I told her my fears: I had made difficult decisions with beloved dogs, but the length of a horse’s life and the sheer size of its body makes everything trickier. Debbie promised that, when the time came, she would send her husband out on his track hoe to dig the hole, never mind that they lived off-grid more than 30 kilometres away.
Now, I called Debbie to say I thought we were close. Then, I called Doc to say I thought we might not need him. It was finally daylight, but the sun hadn’t risen. Mike and I were shivering, so he slid into my place to hold Roany’s head and I ran to get sleeping bags. When I got back across the pasture, Roany’s head was still in Mike’s lap, but now he was struggling for breath.
“Touch him,” Mike said. I knelt and put my hand on his big red neck.
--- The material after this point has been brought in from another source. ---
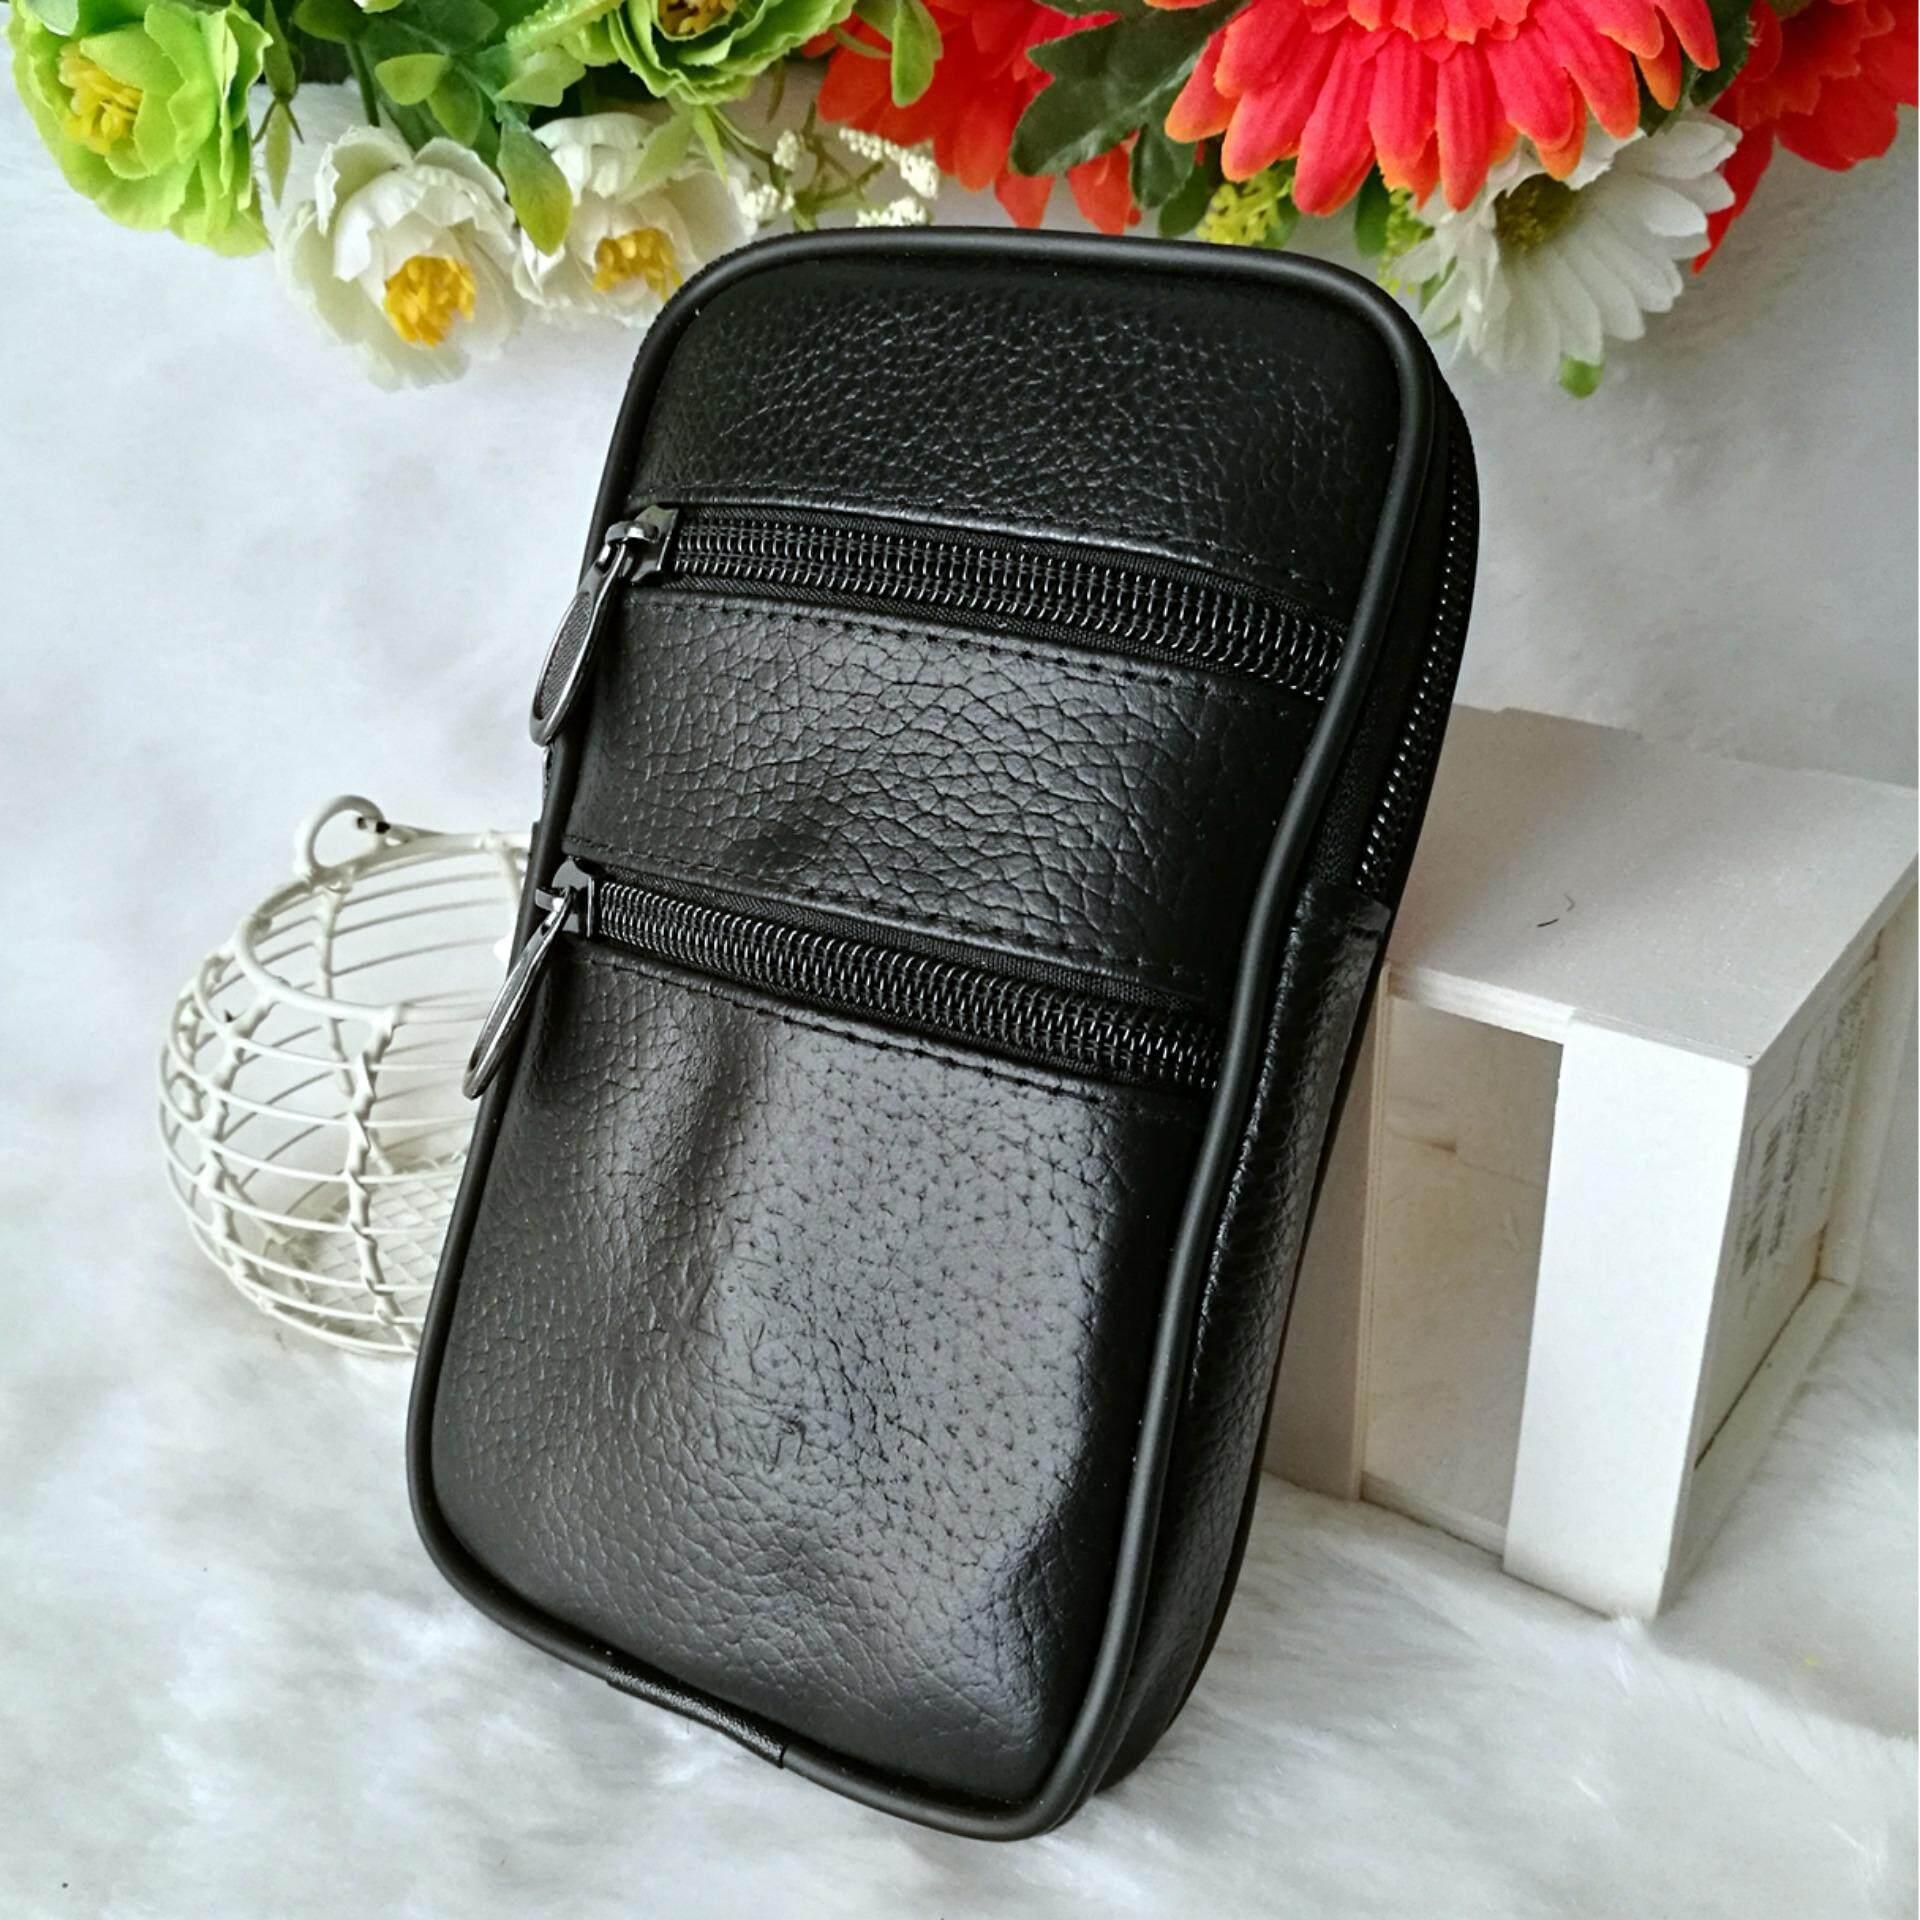 ซื้อ Leather Inc กระเป๋า ใส่มือถือแบบคาดเข็มขัดได้ หนังแท้หนังนิ่ม รุ่น Bmb001 2 สีดำ ออนไลน์ ไทย

Roany took one breath and then another and then the last breath he would take forever. “I think he was waiting until you got back.”
A moment later, the first rays of sun came over the hill, turning the sky electric. I crossed the pasture one more time to get Roany’s brushes to groom him for burial. Debbie’s husband, Billy Joe, had a dozen things to do that morning, but he arrived at the ranch not long after I called.
I don’t know Debbie very well, and Billy Joe hardly at all, but as much as anything else this is a story about the way people in my town care for one another. When I tried to pay Billy Joe for his time, or even for gas, he shook his head and said, “An old cowboy doesn’t take money to bury an old horse.”
If there is such a thing as a good death, Roany had one. It was almost as if he had heard Mike’s offer and said, All right then, Wednesday, and how about in that stand of spruce on the other side of the hill? I’ve always said Roany was a horse who never wanted to cause anybody trouble. He remained that horse till the last second of his life and beyond.
Late that night, I watched the Perseids burn past my window and imagined my old Roany up there, muscles restored to their prime, and his shining burgundy coat alongside the white of Pegasus, both of them with their heads held high, and galloping.